No se lo cuentes a nadie

No se lo cuentes a nadie pero necesito decirte algo ¿A qué la frase te resulta familiar? Pienso, pienso y pienso e intento traer a la mente cuantas veces un amigo, una amiga, un compañero o compañera de trabajo, un familiar me ha dicho esa frase en cuestión. Nadie tiene que enterarse, ¿no?, se supone que ahí está la clave, entonces ¿por qué esa necesidad de contarlo? Cabe decir que me refiero a algo que va más allá de un comentario banal o un cotilleo, algo verdaderamente importante. Algo que me asombra es que en la faz de la tierra tan sólo el ser humano y el perro son los únicos animales que guardan secretos, en el caso del perro es muy sencillo puesto que su secreto se ciñe al lugar donde ha guardado su hueso o su juguete pero si hablamos de personas la cosa se complica.

¿Por qué las personas guardan secretos?  Millones de posibilidades, millones de personas, millones de respuestas pero entre ellas las más habituales serían que tenemos miedo a ser juzgados, que nos miren con desaprobación, miedo a que nos roben una idea, miedo a que las cosas cambien, miedo a no ser lo que los demás creen que eres, etc ¿Y si los secretos nos esclavizan por qué nos empeñamos en guardarlos? Podríamos debatir de esto durante horas delante de un café, una copa de vino o un buen whisky. Realmente un secreto, como secreto en bruto, es aquel que no sabe nadie más que nosotros. Y guardamos secretos, lo hacemos a pesar de ser conscientes, en muchas ocasiones, que hacerlo hará daño a otros y no hace falta ser mala persona para que así sea. Por otro lado, hay secretos que guardamos hasta el final de nuestros días porque, quizá su revelación puede desencadenar una serie de sucesos que acaba de forma fatal hiriendo a alguien importante para nosotros.

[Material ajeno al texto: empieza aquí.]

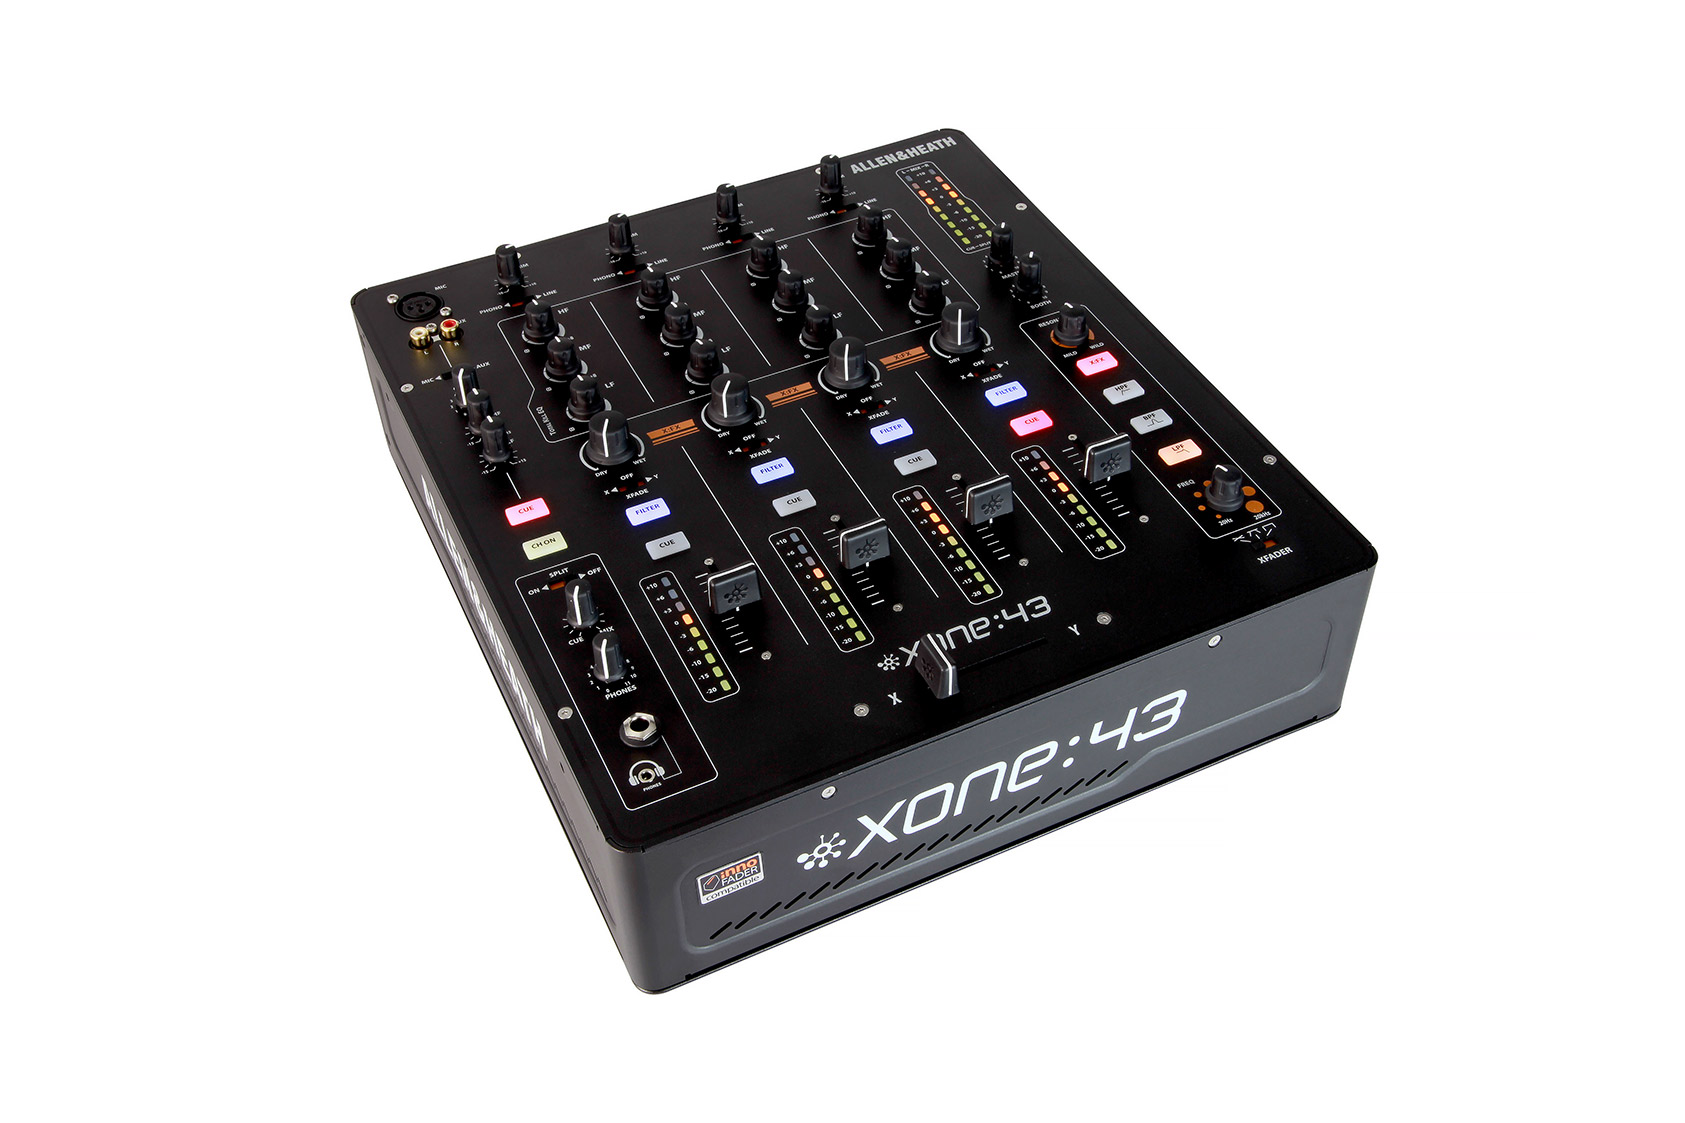  DJ Mixer XONE 43 - Allen&Heath

En mi caso suelo ser bastante buena, o mala, según se mire, guardando secretos; a veces son tan secretos que se me acaban olvidando y, en el caso de ser el recipiente en el que alguien decide volcar una preocupación o algo similar, no siento la necesidad de compartirlo, me siento en el deber de salvaguardar la confianza depositada en mi. Comenzar a escribir en este blog me convierte en una persona aún más transparente de lo que ya soy (sobre todo contigo, no me preguntes por qué) y no solo lo digo yo pero lo que ves (en este caso lo que lees) es lo que soy. Aún así, en mi fuero interno, hay algún secreto que otro, nada inconfesable. Como William Penn dijo ” es sabio no hablar de un secreto; y honesto no mencionarlo si quiera”.